Digital video technology is along with the fast development of Internet and mobile communication has obtained increasingly extensive application, but containing much information of digital video information, bandwidth requirement height to transmission network, so generally digital video signal is carried out compressed encoding earlier before storage or transmission, so that save the memory space and the network bandwidth.

Forming stereoscopic vision needs the digital video of two passages at least, present auto-stereoscopic display supports a plurality of spectators to watch simultaneously, its a plurality of stereos copic viewing points (three-dimensional viewpoint) require the digital video of a plurality of passages of input, therefore a kind of good decoding method need be considered the picture quality behind compression ratio, the decoding and rebuilding, a plurality of factors such as stereoscopic vision experience of spectators, under band-limited restriction, obtain the balance of compression ratio and three-dimensional view-point image quality.

At present many (two) passage digital video is carried out Methods for Coding and be broadly divided into four classes, the first kind is based on the MPEG video encoding standard, second class is based on deep image rendering (DIBR, Depth-Image-BasedRendering) technology, the 3rd class is based on object coding, and the 4th class is based on three-dimensional grid technology (3D mesh).

First kind method is based on the MPEG video encoding standard.

The MVP of MPEG-2 (Multi-View Profile) uses time domain telescopic tool (TS, TemporalScalability tool), and the support to two-channel digital video (three-dimensional video-frequency) coding is provided.MVP uses a kind of double-deck coding structure, and as basic layer, right viewpoint passage is as enhancement layer with left viewpoint passage.Referring to: X.Chen and A.Luthra, MPEG-2 Multi-View Profile and its application in 3DTV, in proceedings of SPIE, vol.3021, pp.212-223,1997.Adopt MVP to carry out the coding of multi-channel digital video, its picture frame predict is similar to the multi-vision-point encoding standard (MVC that is studying in the world at present, Muiti-view Video Coding) picture frame predict, but because MVP adopts Moving Picture Experts Group-2 as coding tools, its code efficiency less than present video coding international standard H.264/AVC.

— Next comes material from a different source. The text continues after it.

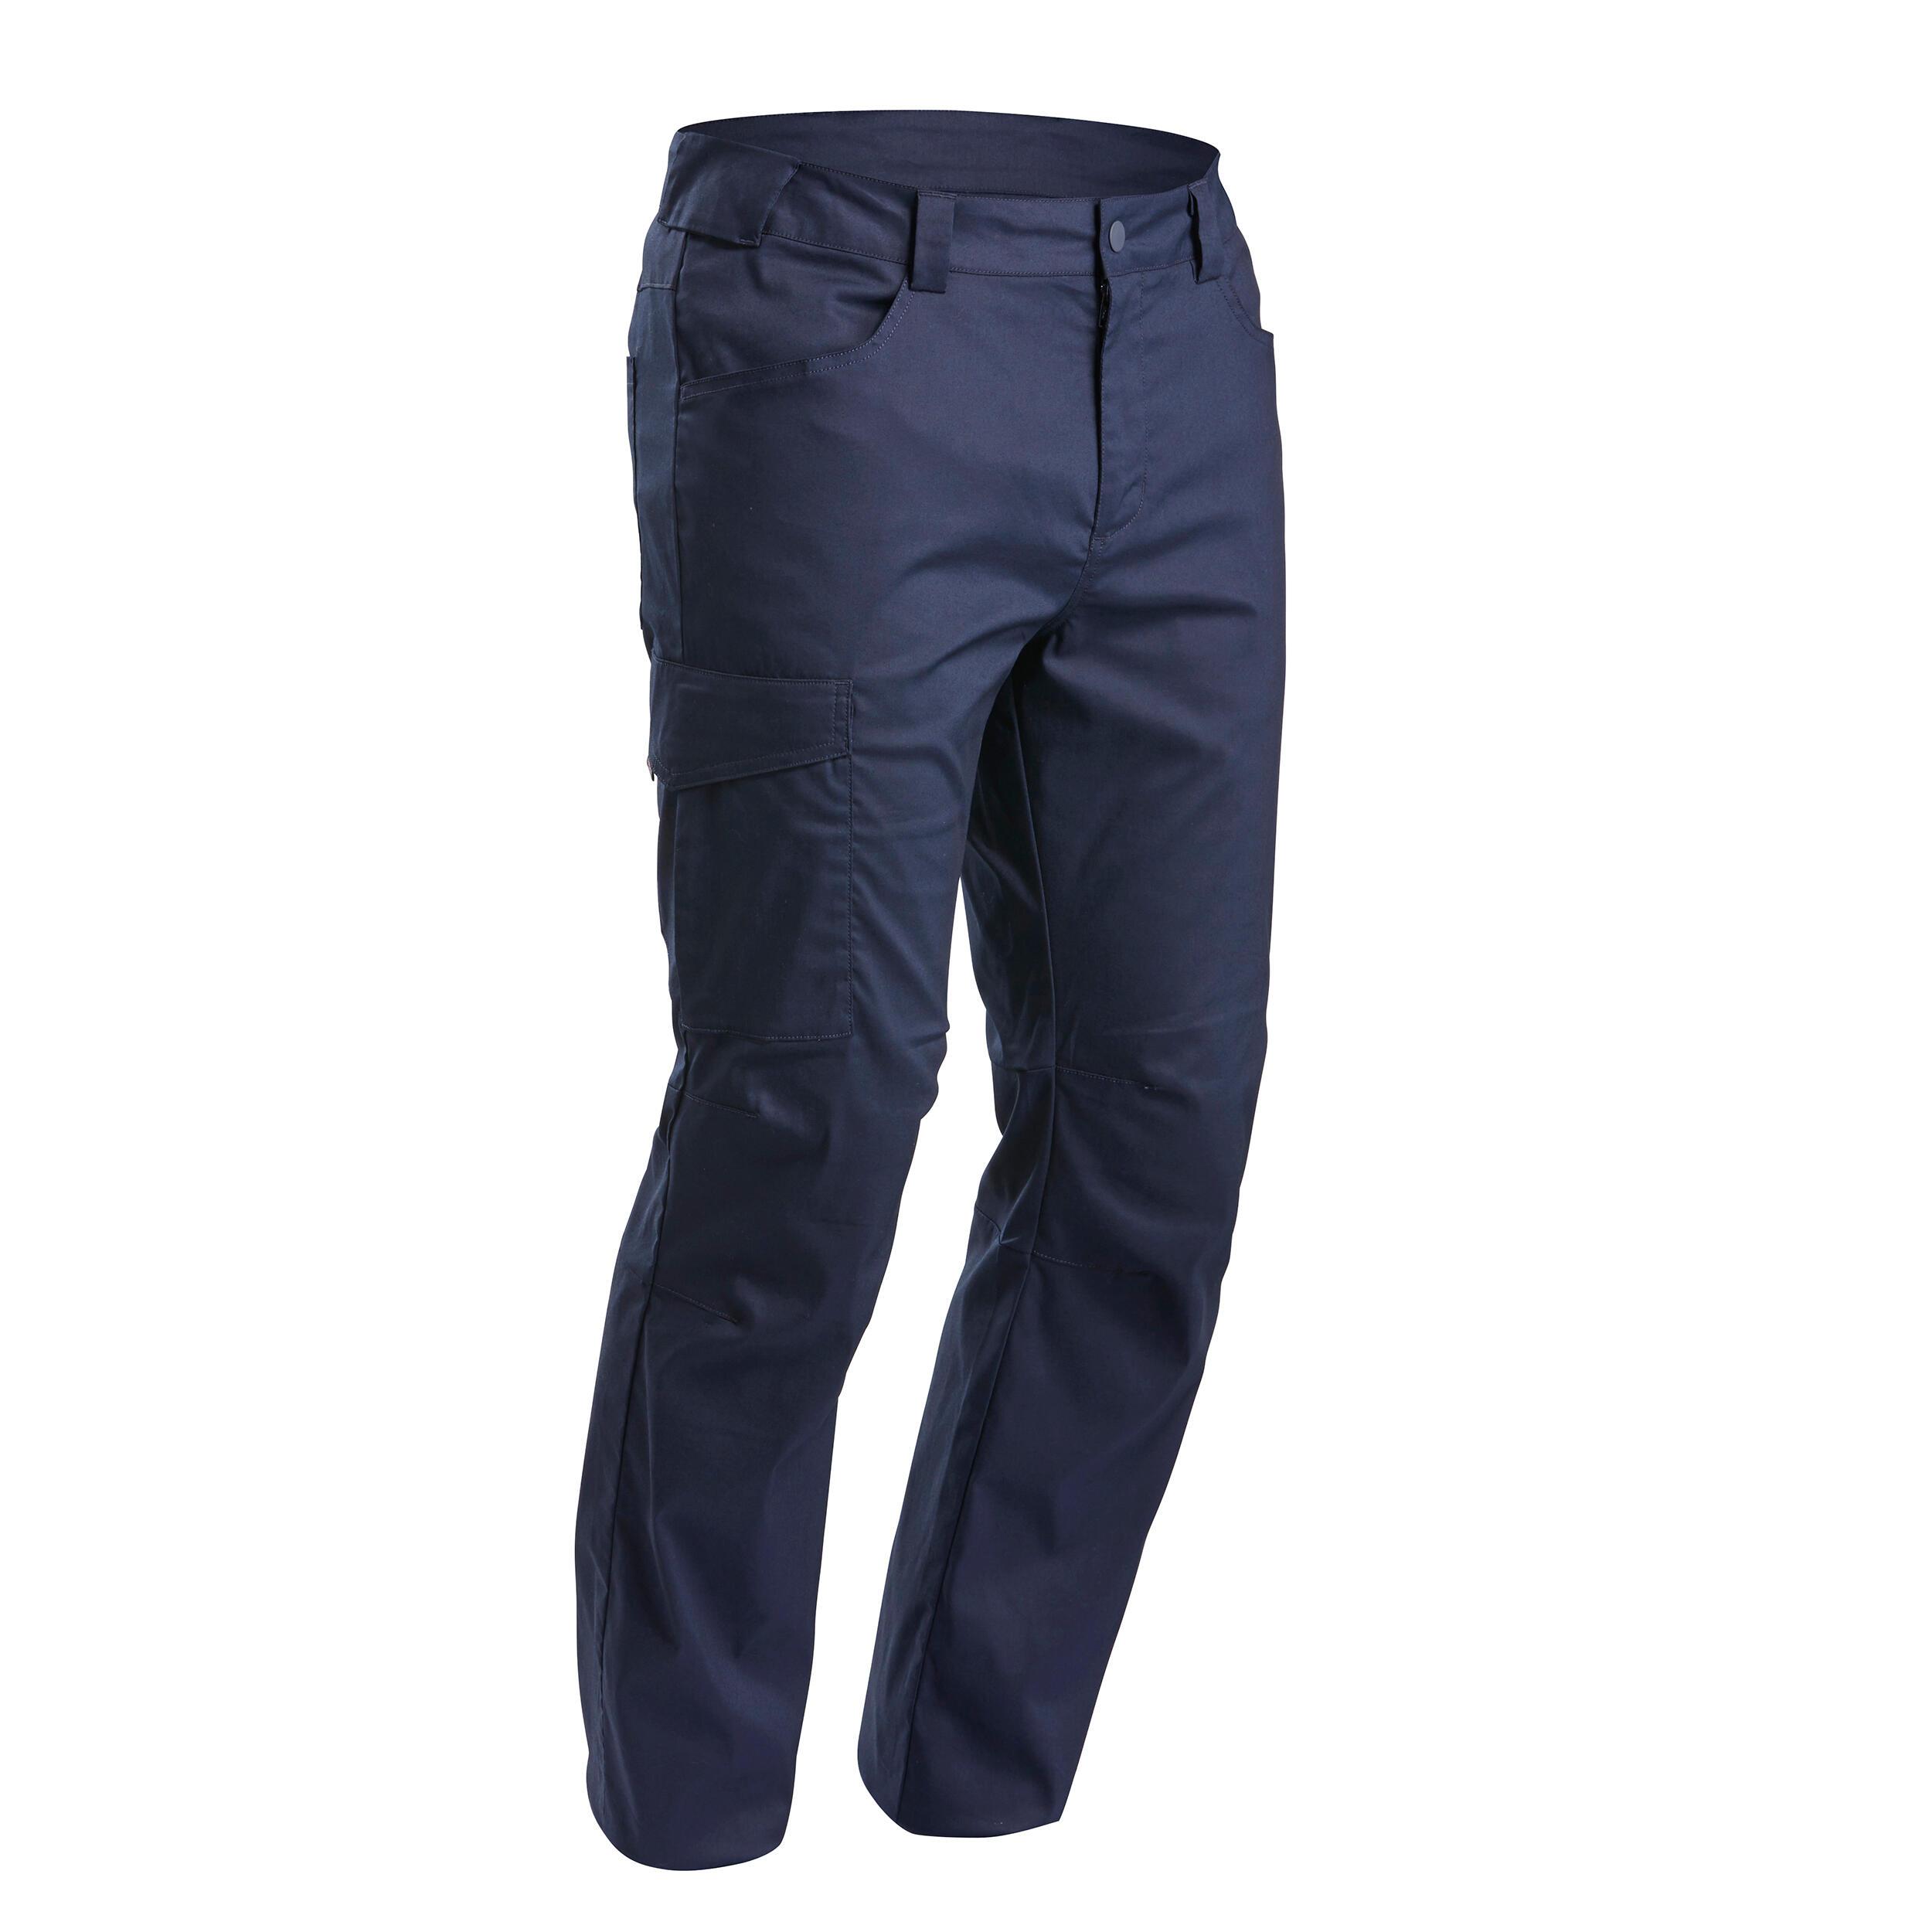 Pantalon Drumeție NH100 la Reducere poza

In May, 2003, formulated the video coding international standard H.264/AVC by the common joint video team JVT (JointVideo Team) that forms of the expert of ITU-T and ISO/IEC.H.264 adopted the hybrid encoding frame structure, adopted binary arithmetic coding or the like the advanced technology of minimum 4 * 4 variable-block motion prediction, a plurality of reference image frame, context-adaptive, compare with MPEG-2, under the situation of same picture quality, can obtain higher compression efficiency.

JVT is is studying and defining multi-vision-point encoding (MVC, Muiti-view Video Coding) international standard at present.MVC has utilized the picture frame correlation between viewpoint inside and the different points of view, utilize and H.264/AVC carry out encoding compression, because the associated prediction in employing time and space coding, radio hookup (Simulcast) with each viewpoint absolute coding is compared, experiment at present shows, under different video contents, the space-time unite coding can improve the gain of 0.5dB to 3dB.Referring to: P.Merkle, A.Smolic and K.Muller, Efficientprediction structures for multiview video coding, IEEE Trans.CSVT, vol.17, no.11, pp.1461-1473,2007.

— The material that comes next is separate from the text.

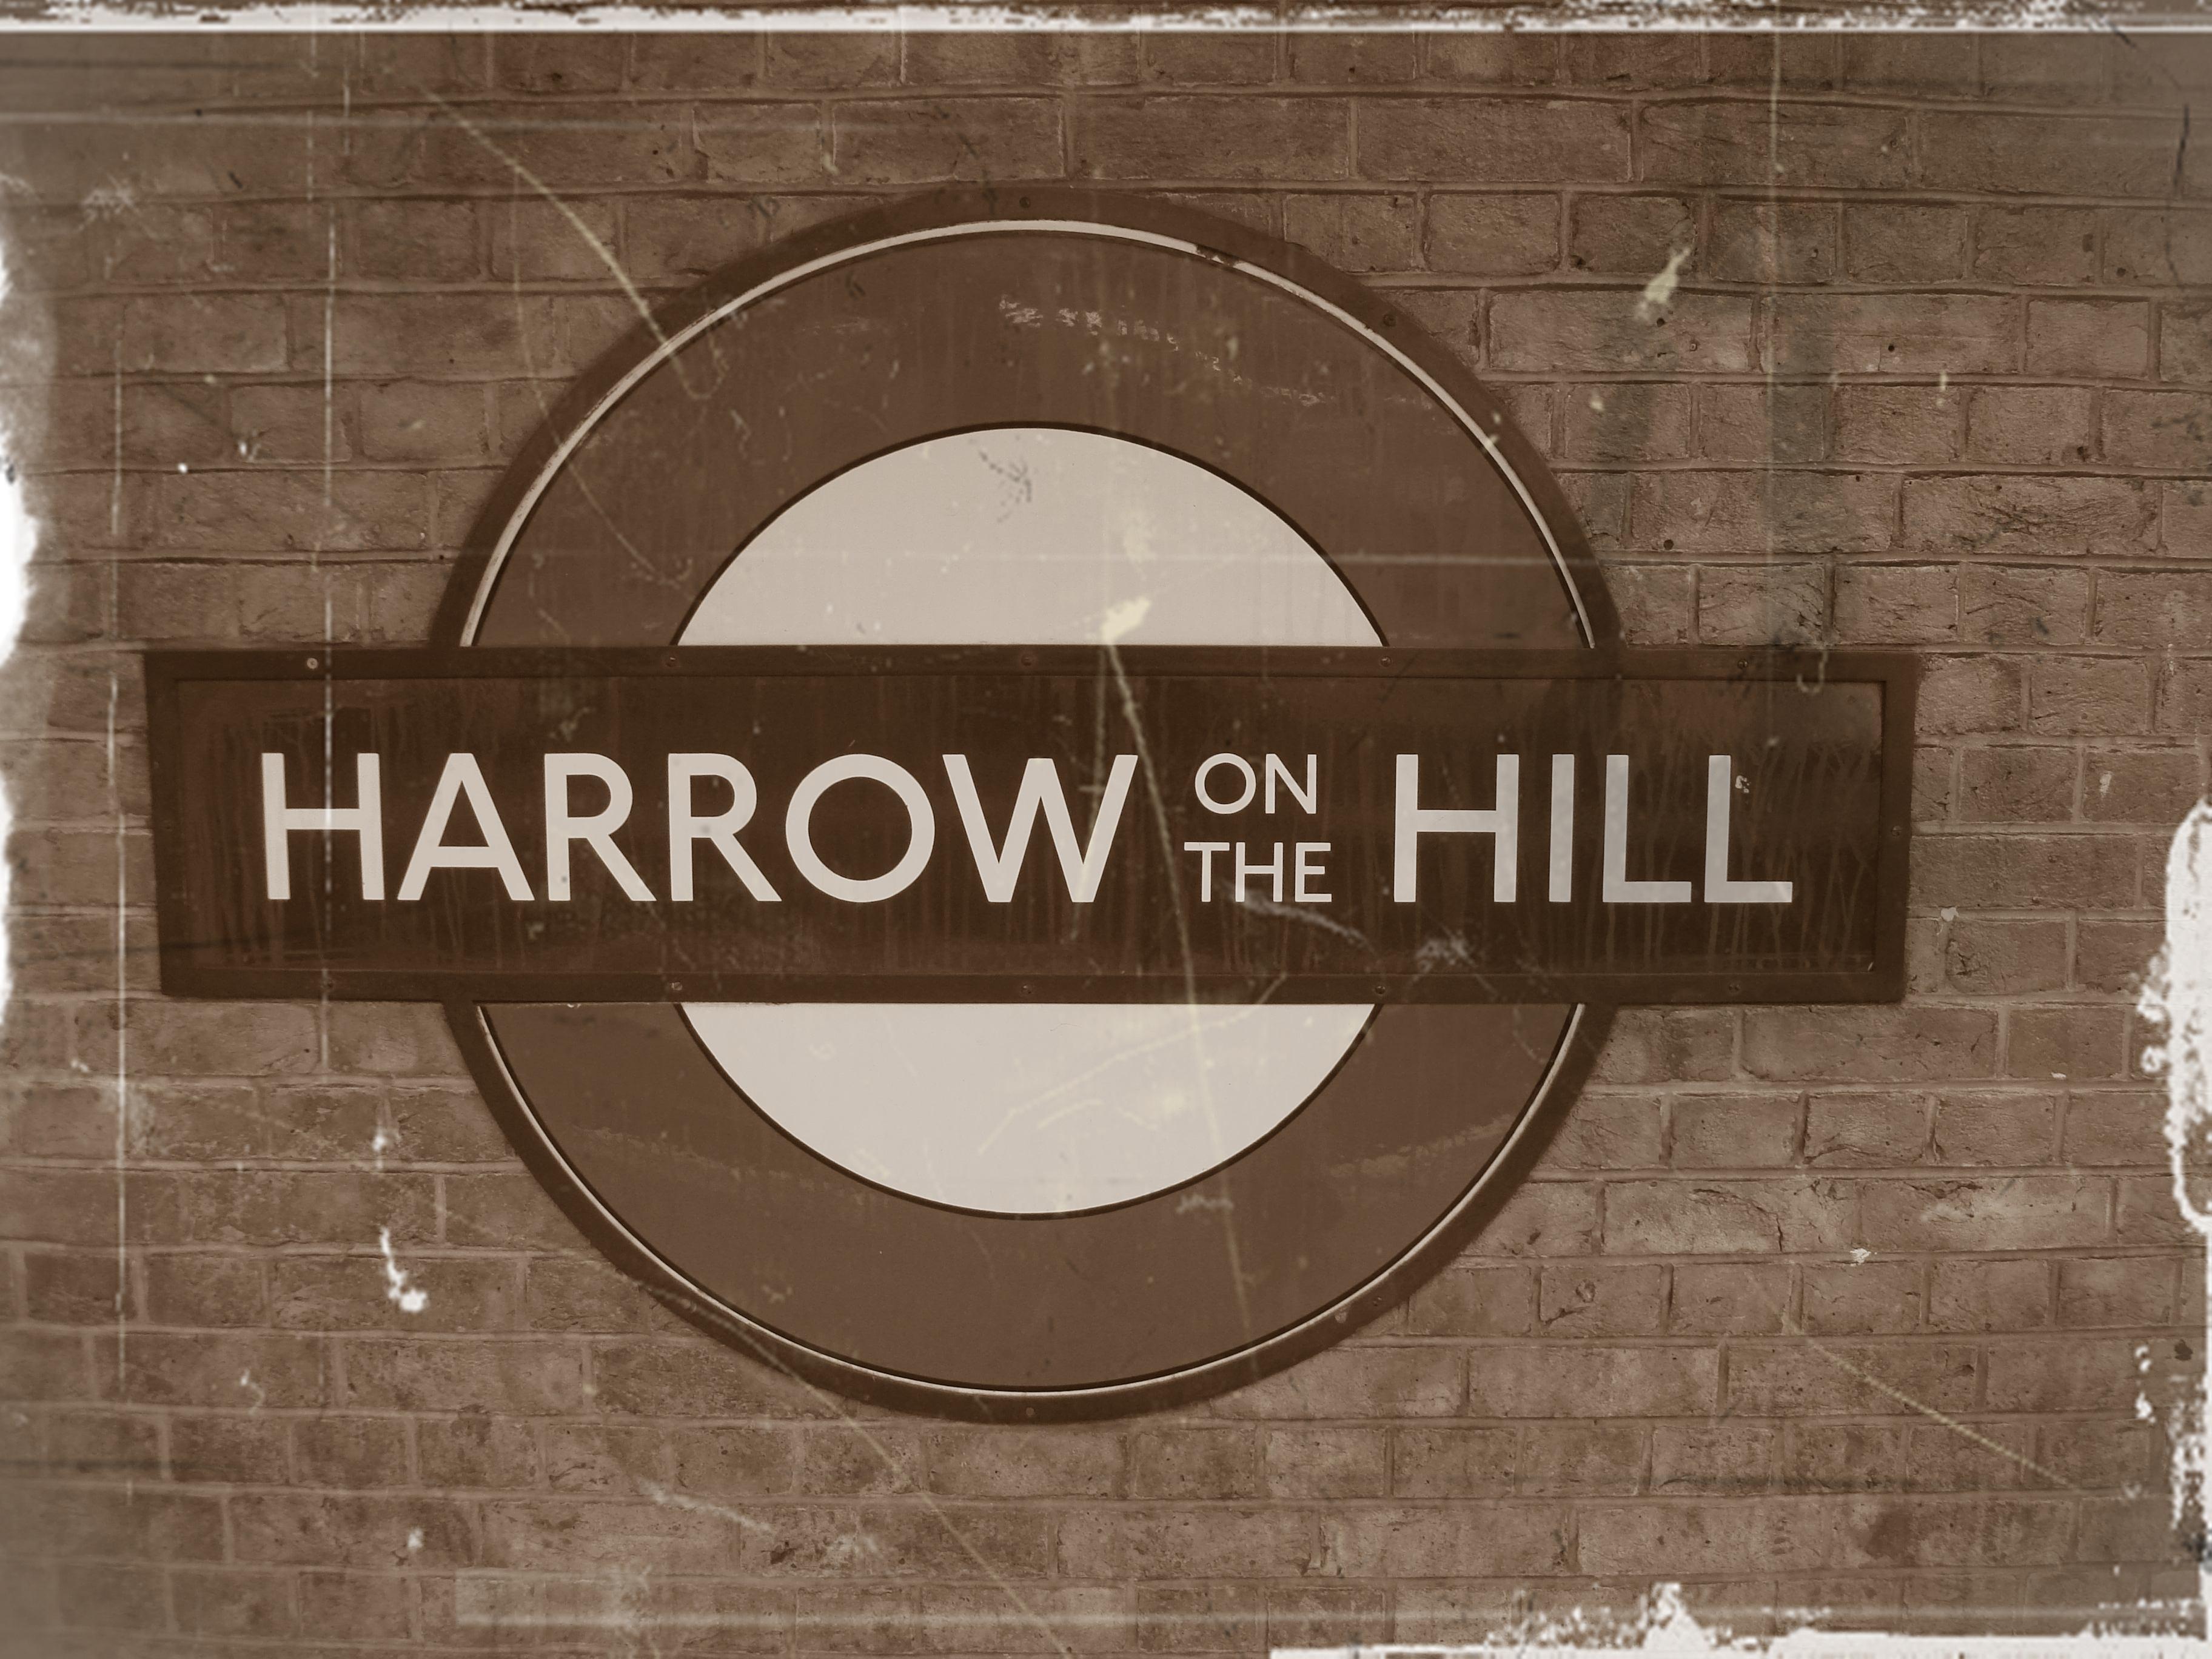 Harrow-on-the-Hill-Tube-Station

MVC uses parallax to predict the correlation of excavating between viewpoint.But because of the non-identity of the installation site of video camera, camera site, illumination condition, the same area of the picture frame of a plurality of viewpoints of picked-up, its brightness and colourity exist inconsistent.This inconsistent efficient that can influence parallax accuracy for predicting and coding, a kind of method of solution are to add brightness and colourity compensation term in the coupling cost function.Referring to: J.H.Hur, S.Cho andY.L.Lee, Adaptive local illumination change compensation method forH.264/AVC-based multiview video coding, IEEE Trans.CSVT, vol.17, no.11, pp.1496-1505,2007.

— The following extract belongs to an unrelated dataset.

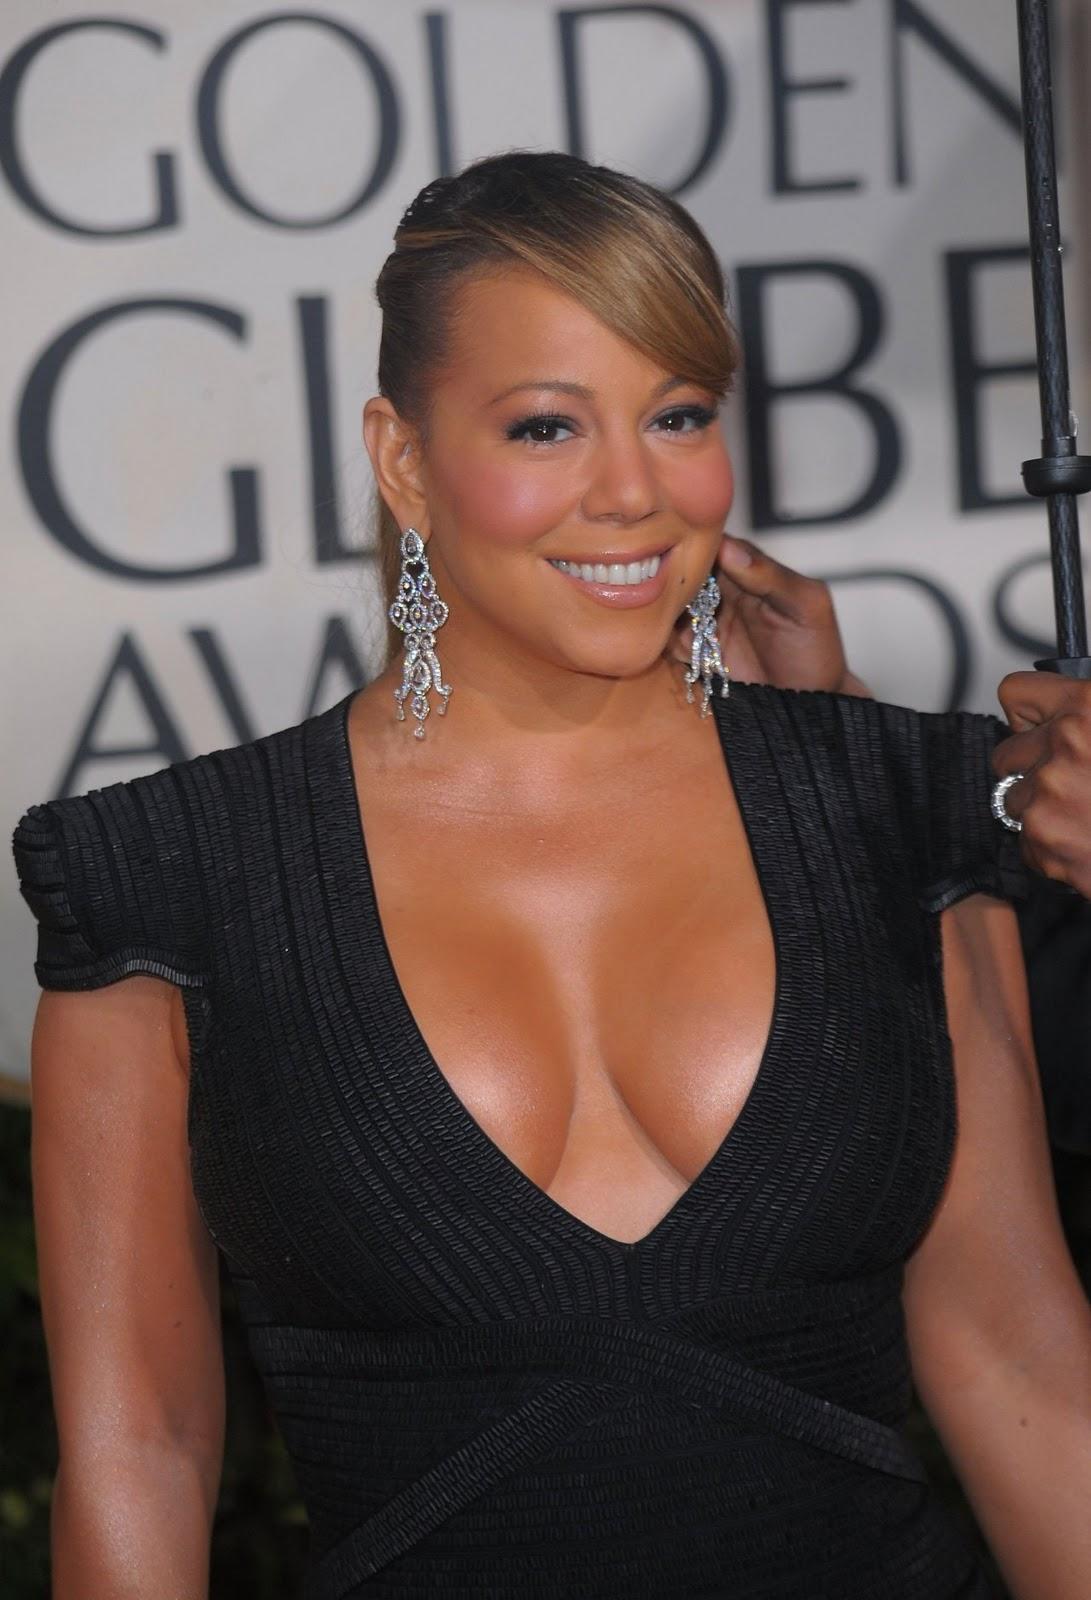 http://1.bp.blogspot.com/_aKvvh1lPLBU/TOPrNUcH9zI/AAAAAAAAAlI/hbCiYkPW8RE/s1600/Mariah-Carey-sexy-cleavage-1781820.jpg

The coding structure more complicated of MVC needs big amount of calculation, the encoding time delay of length and big reference frame storing space.MVC each viewpoint passage of need encoding, when the viewpoint number increases, the also corresponding increase of code check.MVC all viewpoints of encoding, transmit, decode link together the size of photographic images and video camera distance picture size and the viewing distance with display end, have limited the flexibility of display end viewing location like this.

2006, AVS (Advanced Video Coding Standard) is confirmed as the video coding national standard.AVS adopts the hybrid encoding frame structure equally, has adopted integer transform, arithmetic coding or the like the advanced technology of variable-block structure, a plurality of reference image frame, pre-convergent-divergent.Also can adopt AVS that multichannel video stream is carried out encoding and decoding.

Second class methods are based on deep image rendering (DIBR) technology.

The advanced three-dimensional television system of European information technology project (IST, Information Society Technologies) (ATTEST, Advanced Three-Dimensional Television System Technology) has adopted the DIBR method.Referring to: C.Fehn, Depth-Image-Based Rendering (DIBR), compressionand transmission for a new approach on 3D-TV, in Proceedings of SPIE, StereoscopicDisplays and Virtual Reality Systems XI, USA, pp.93-104,2004.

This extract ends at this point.